4 Summary and Concluding Observations

The lack of flexibility of employers in hiring and firing of workers is thought of acting against the interests of the employers who cannot pursue pro-cyclical policy in employing workers and thereby fail to reduce wage costs during slumps. Labour laws on the retrenchment of workers, or more generally labour market institutions determine the degree of flexibility. Several studies relating state-wise variations in labour market institutions and industrial performance indicate adverse effects of rigid labour market institutions on the growth of investment, employment and productivity. There are also alternative views that a rigid labour market not only help stabilise the economy and employment but also incentivises technology upgradation, innovation and thereby raises labour productivity.

The broader institutional environment under which the labour market institutions operate or government policies are framed and implemented, have determining effects on the industry structure and performance of a state. The states with a long history of trade-union movements and anti-establishment/ anti-corporate culture fared poorly in the post-reform phase vis-a-vis those who could establish a pro-business culture and take advantage of the reforms. Primarily micro and small firms could run their business with a little growth prospects under such an adverse environment, along with some large firms who could bear the extra costs imposed by the unfriendly institutions. Parallel to this, many states have long traditions of arts and crafts and established systems of imparting training and regeneration of skills could maintain some industrial growth based on micro and small firms.

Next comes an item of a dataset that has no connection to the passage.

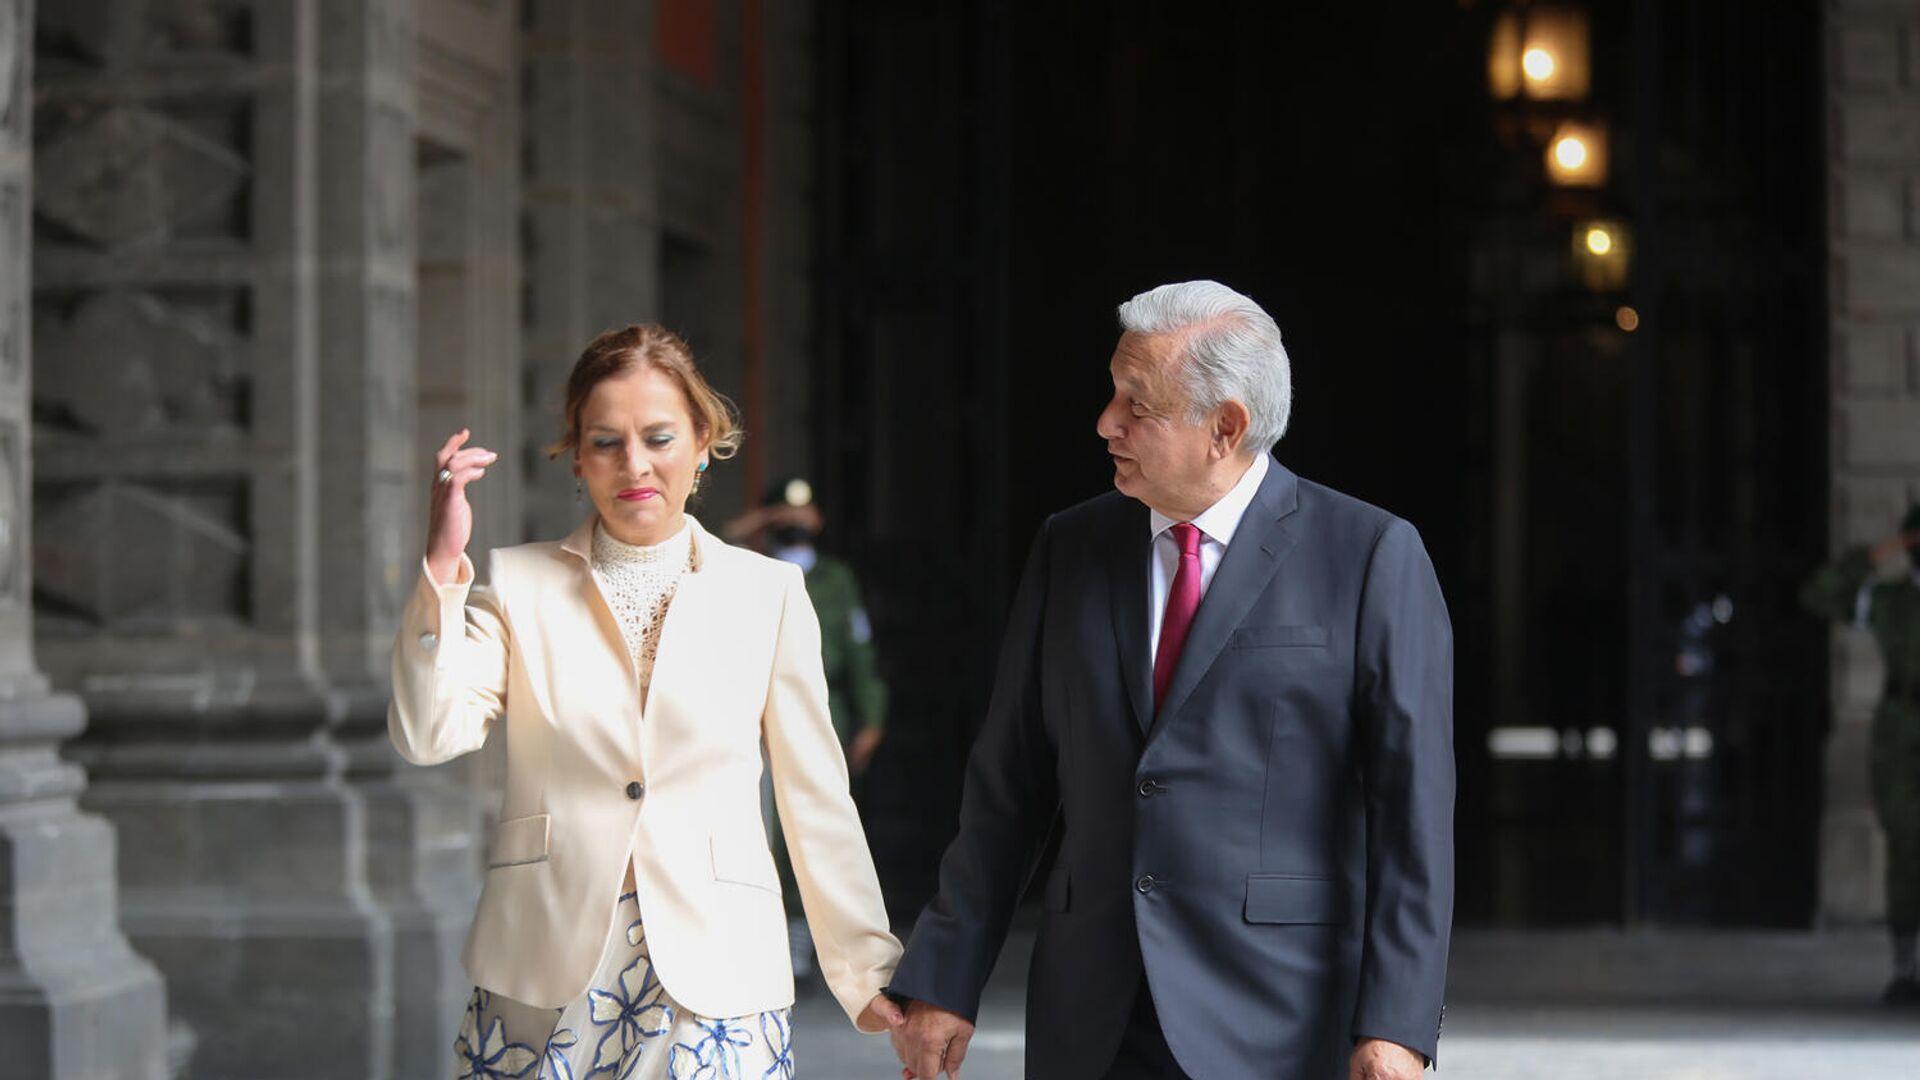 Beatriz Gutiérrez Müller y Andrés Manuel López Obrador - Sputnik Mundo, 1920, 24.09.2021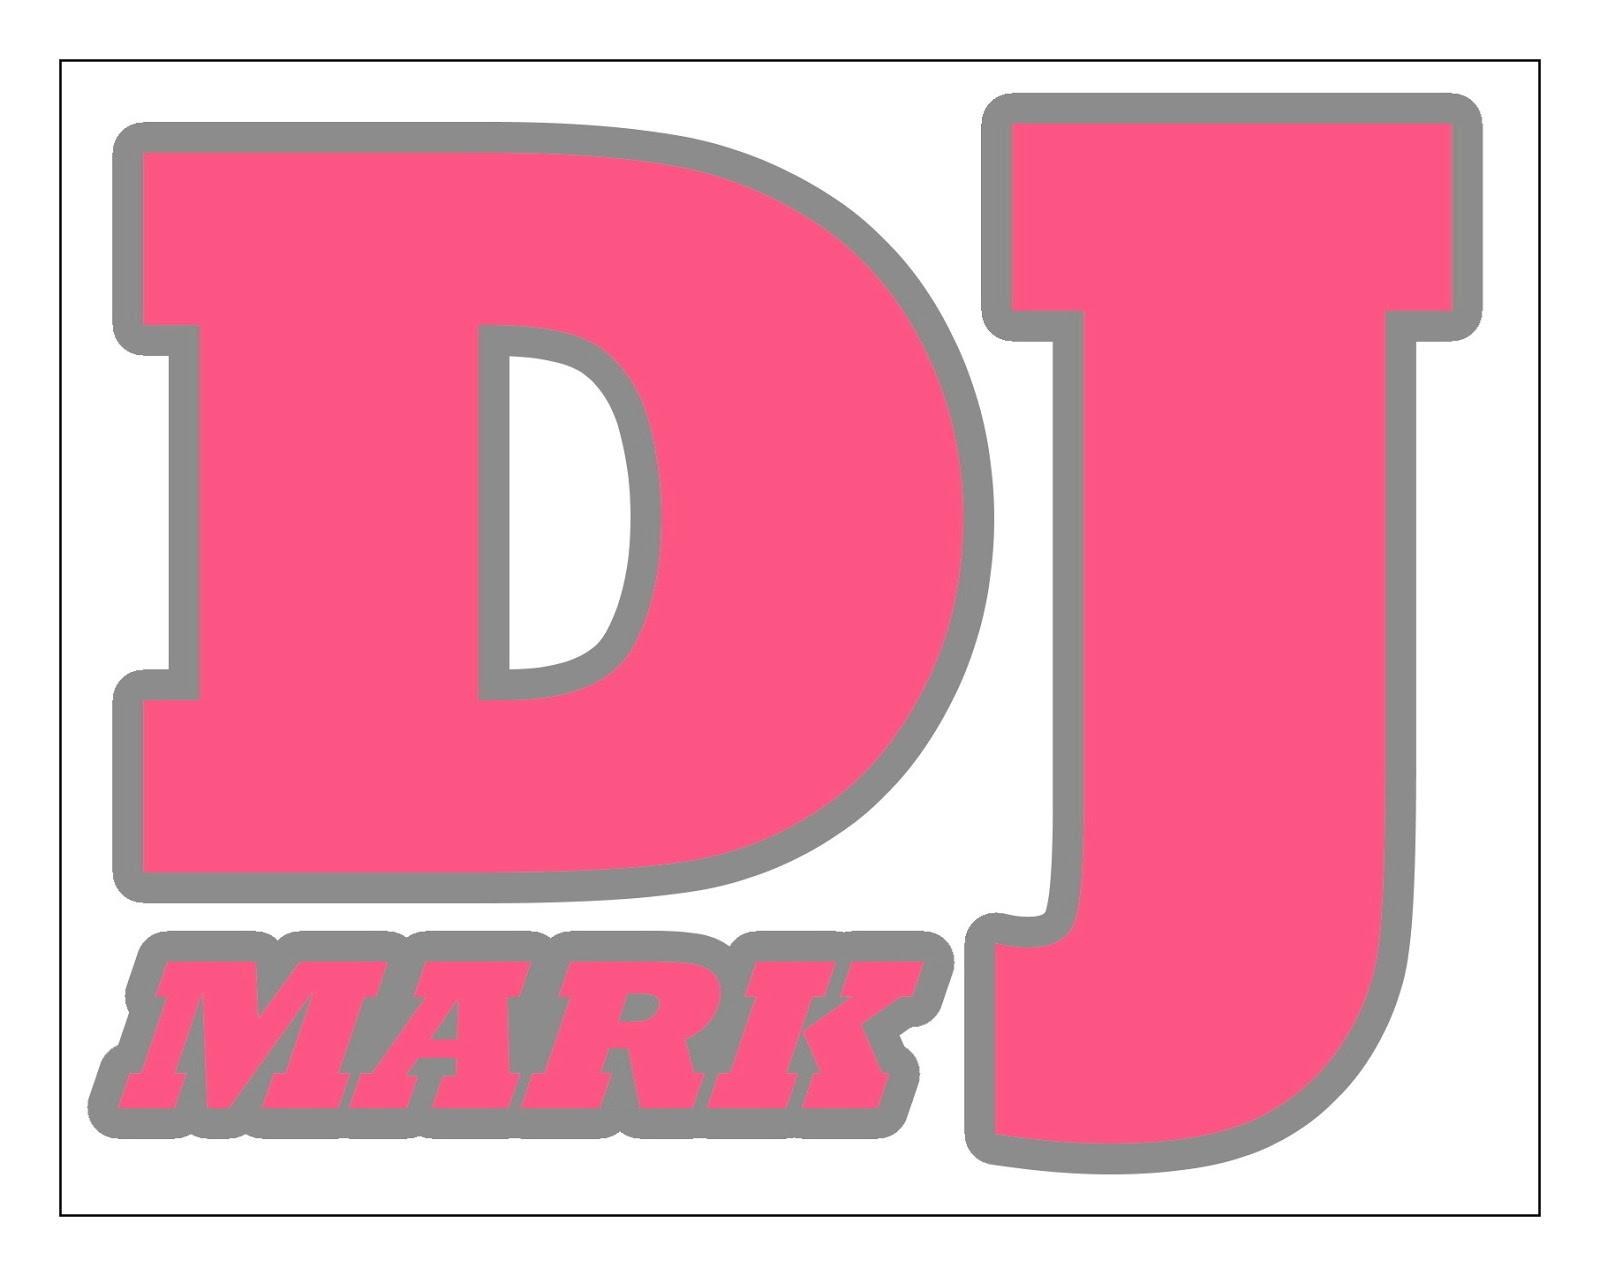 cdeddfcb2 Teším sa na spoločnú zábavu aj v roku 2018 dj MARK

Productivity growth is the key ingredient to economic progress. Indian experience at the state level shows that the mid-sized to the large firms have the capability to raise productivity through improved technology, high skills and scale economies. The state-level analysis of the industry scenario points out that there is much scope to boost productivity and reduce disparity simply by better allocation of resources enabling micro and small firms to raise the scale of operation through better access to organised sources of finance as well as creating a congenial business environment. Further, raising the productivity of the micro and small firms could contain increases in wage and income inequality. This also requires effective participation of the smaller firms in the value chains via mobility of skilled personnel along with new technologies and business approaches.